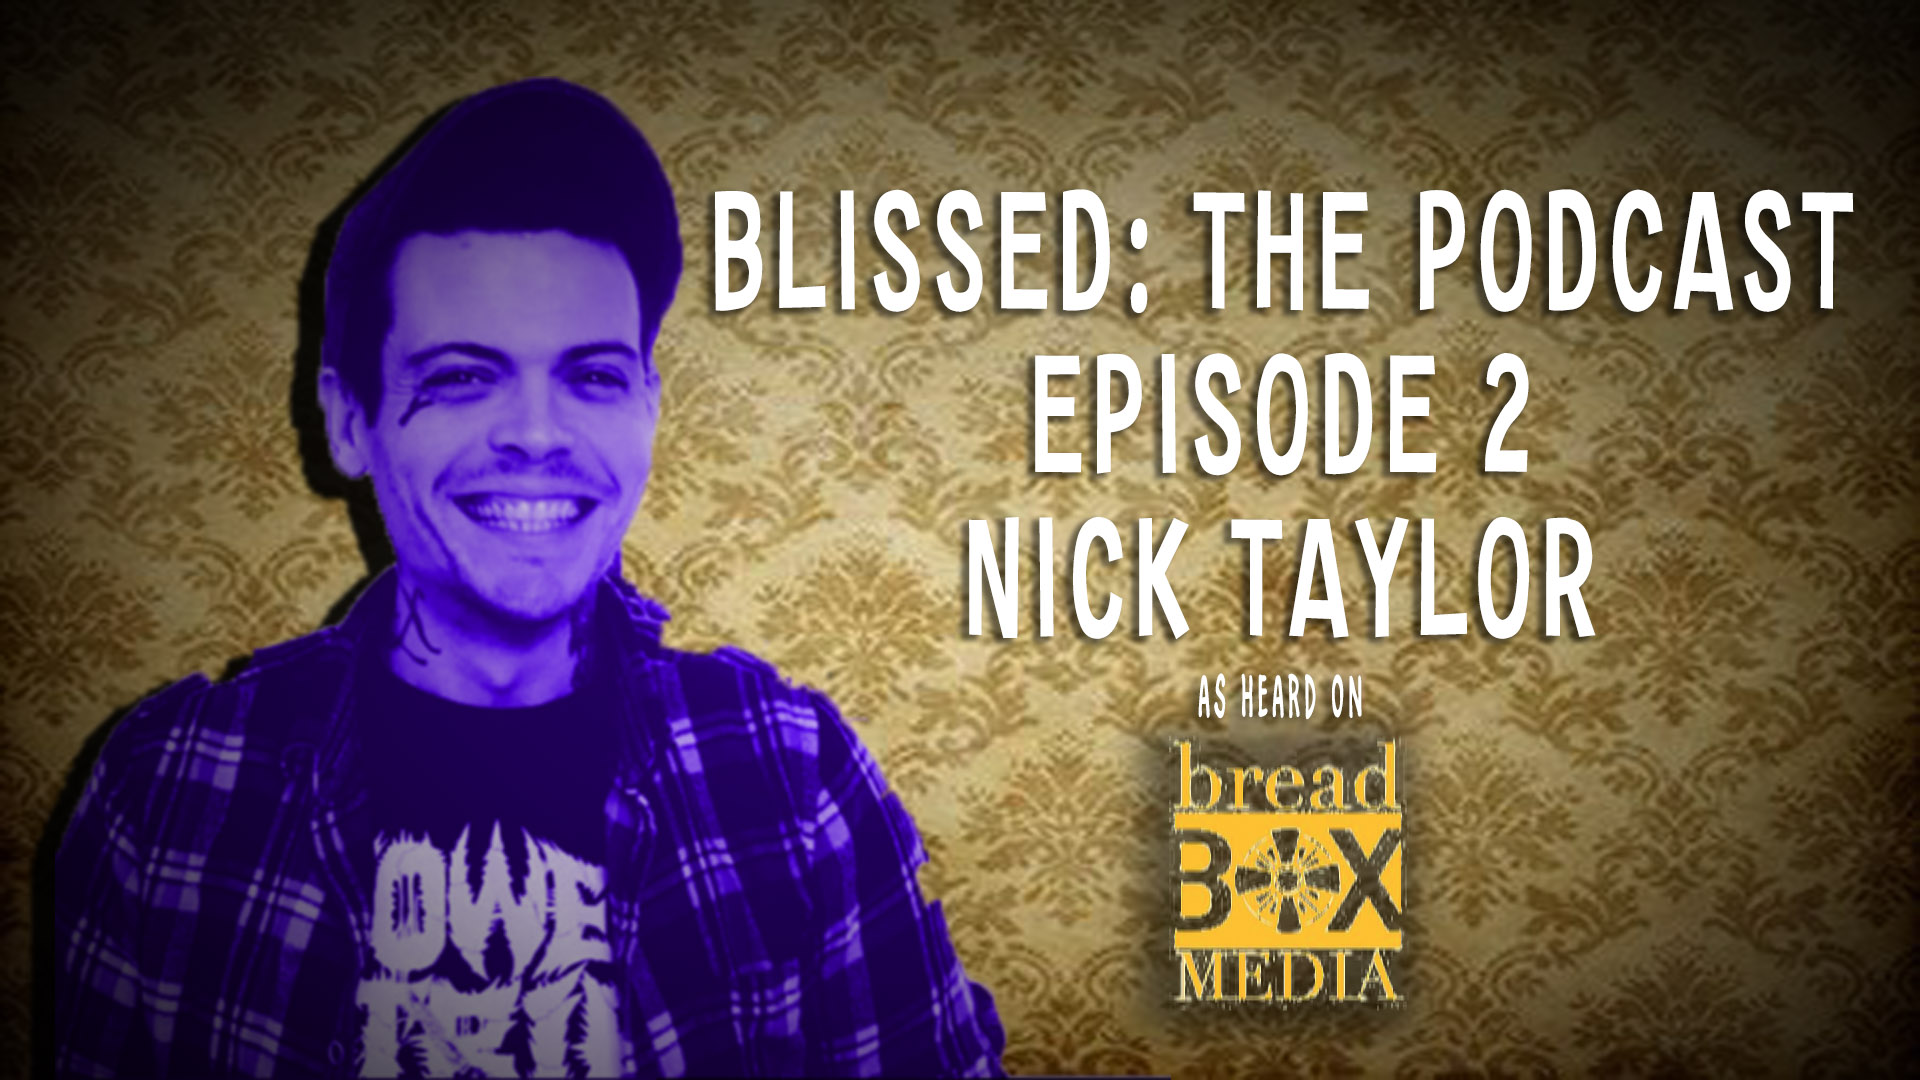 Blissed: The Podcast - Episode 2 with Nick Taylor - How To Find Your Bliss 
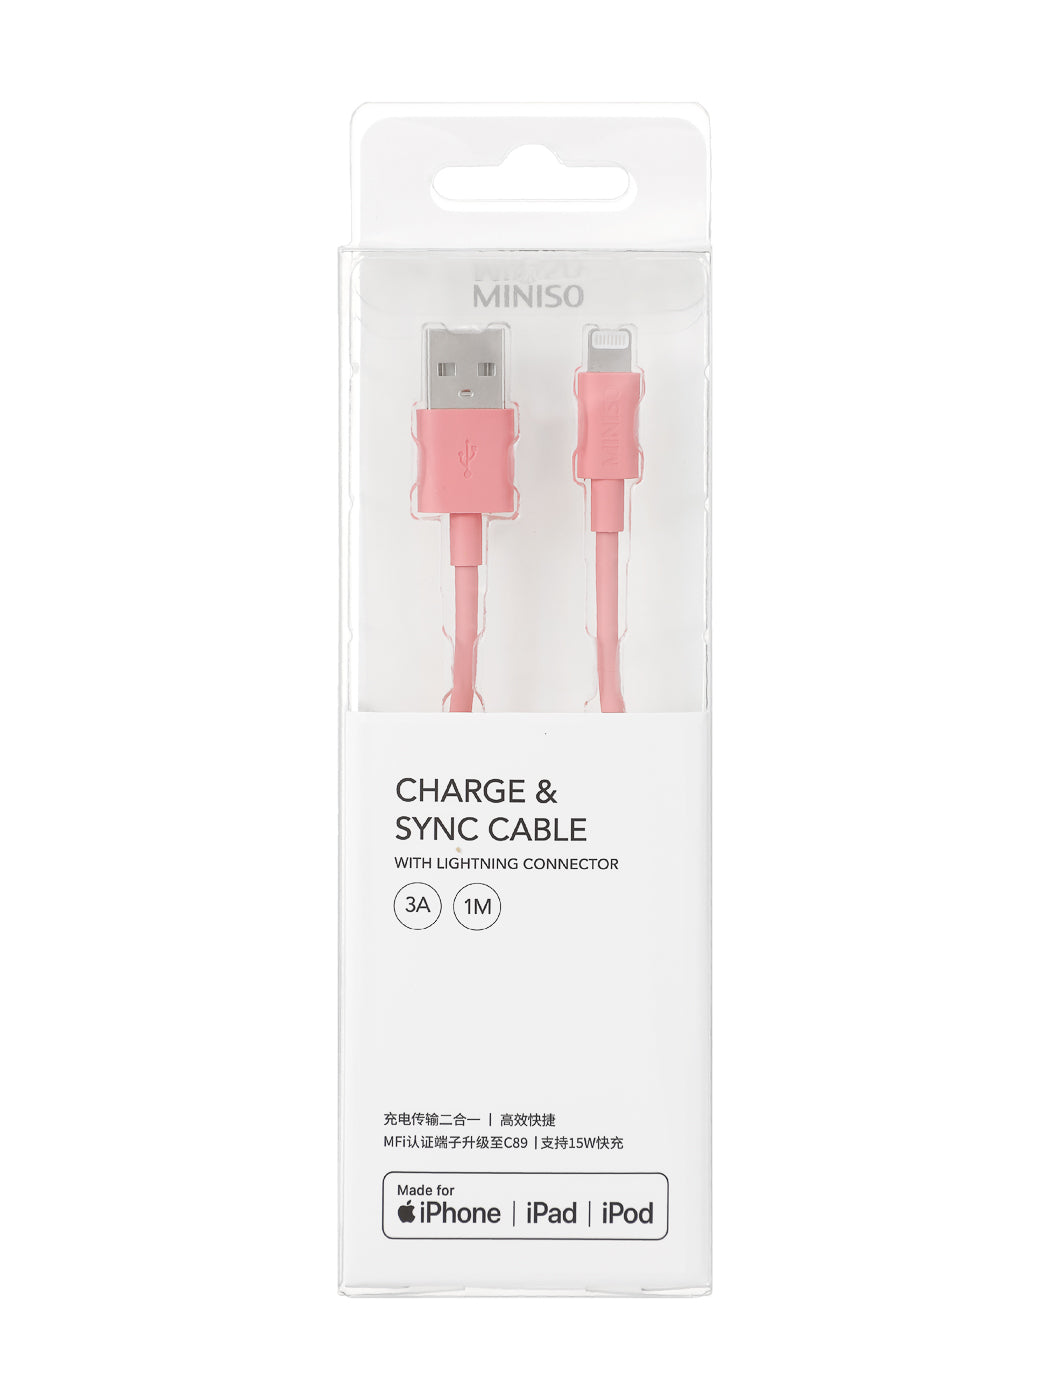 MINISO 1M FAST CHARGE CHARGE & SYNC CABLE WITH LIGHTNING CONNECTOR (PINK) 2010251514100 CHARGING CABLE WITH LIGHTNING CONNECTOR-2
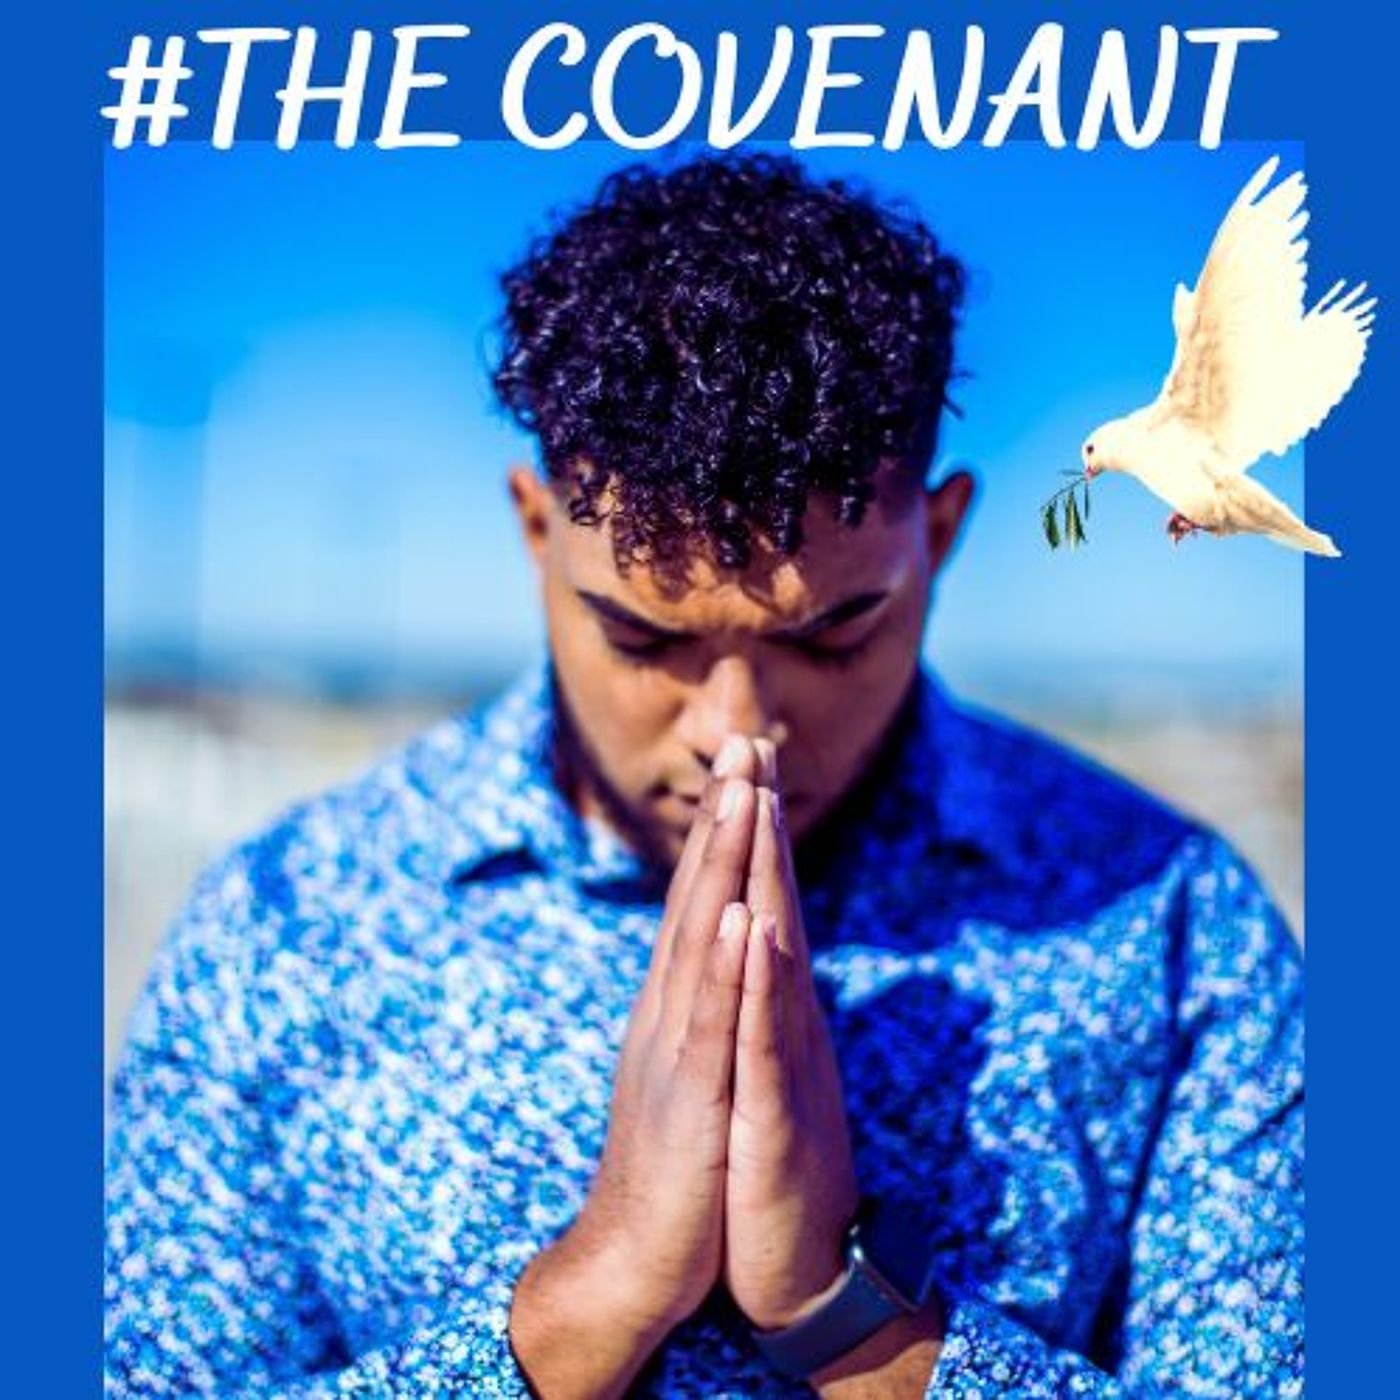 #THE COVENANT!
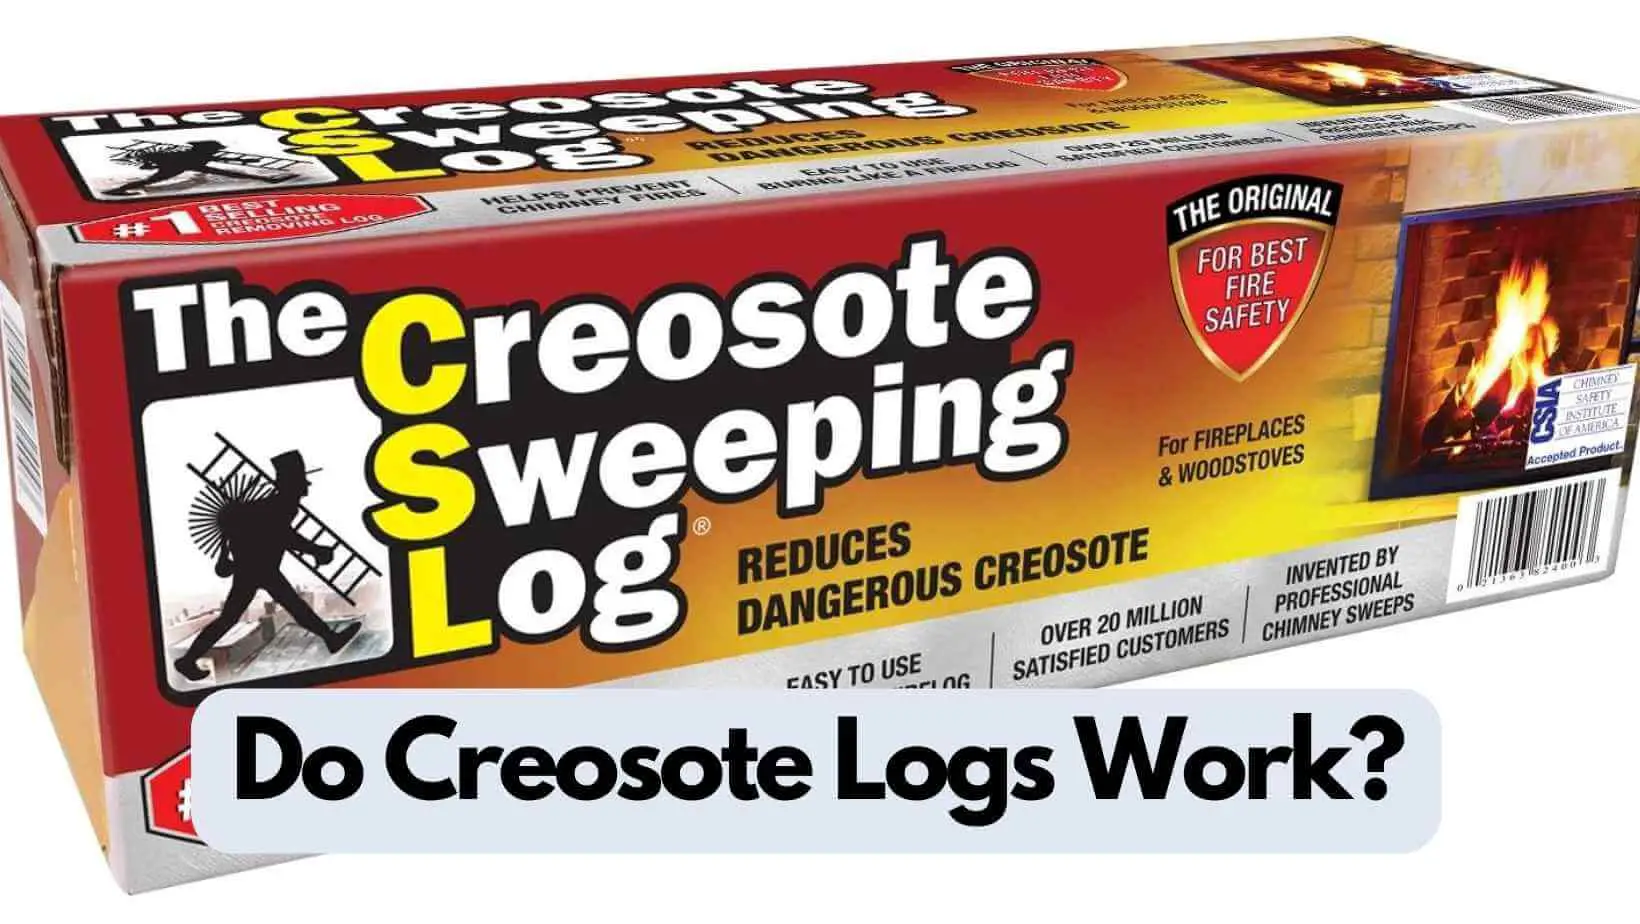 Do Creosote Logs Work
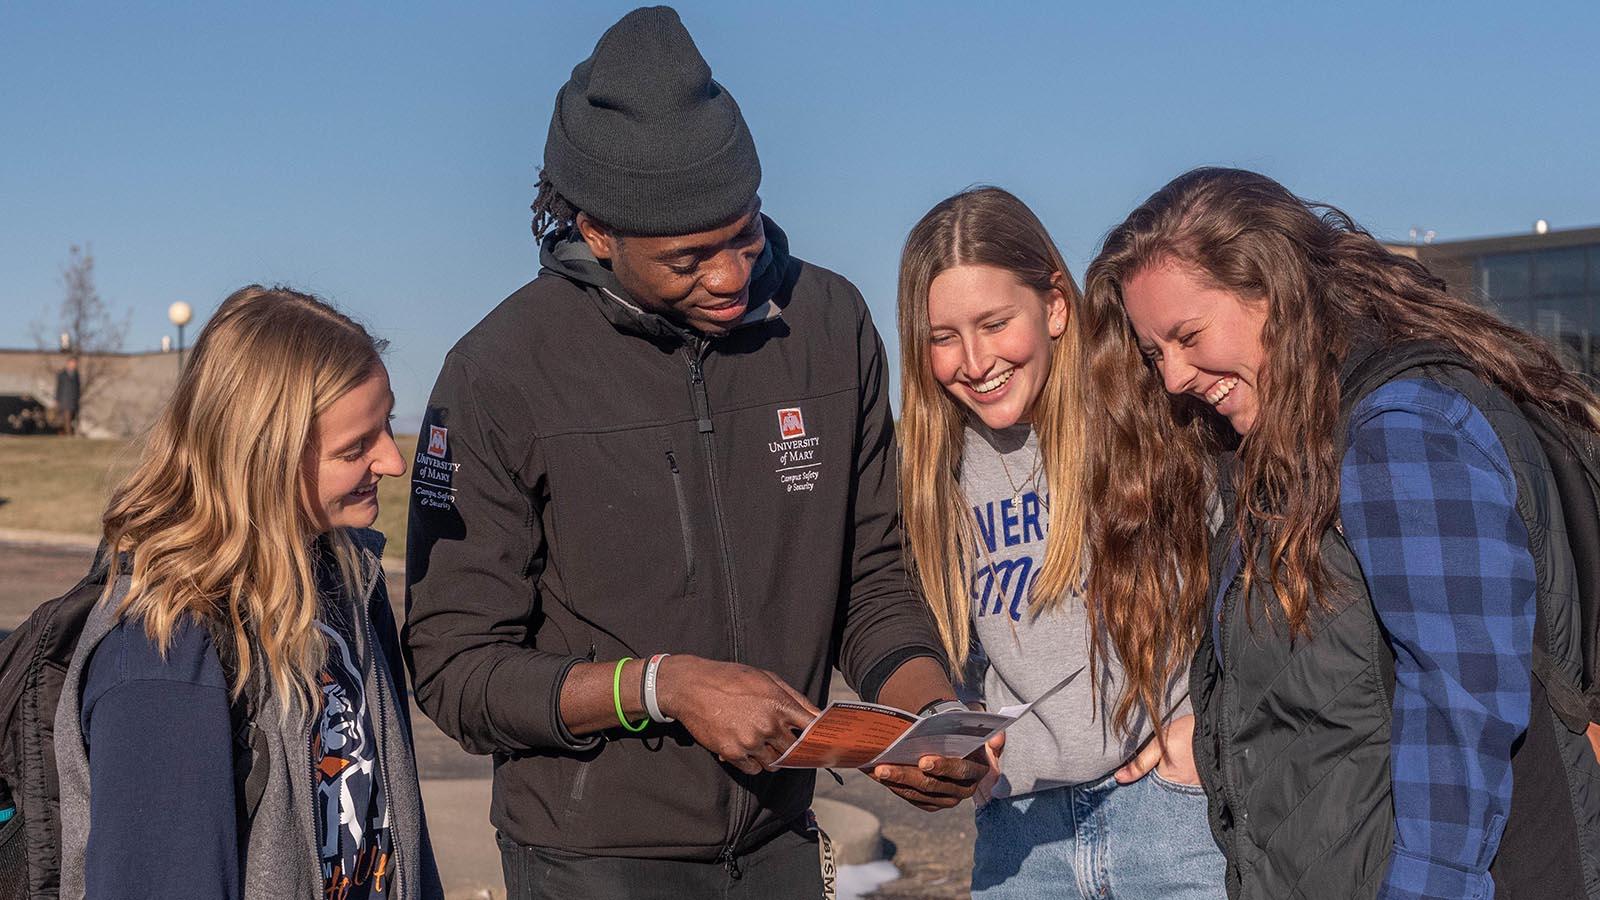 Campus Safety & Security employee showing three female students a campus map.

— How to complete this task —
Copy out the lines exactly as written, beginning with the one that contains "Do Creosote Logs Work" and ending with the last line of the material; do not include pictures.

— Result for this exercise —
 Do Creosote Logs Work
 Campus Safety & Security employee showing three female students a campus map.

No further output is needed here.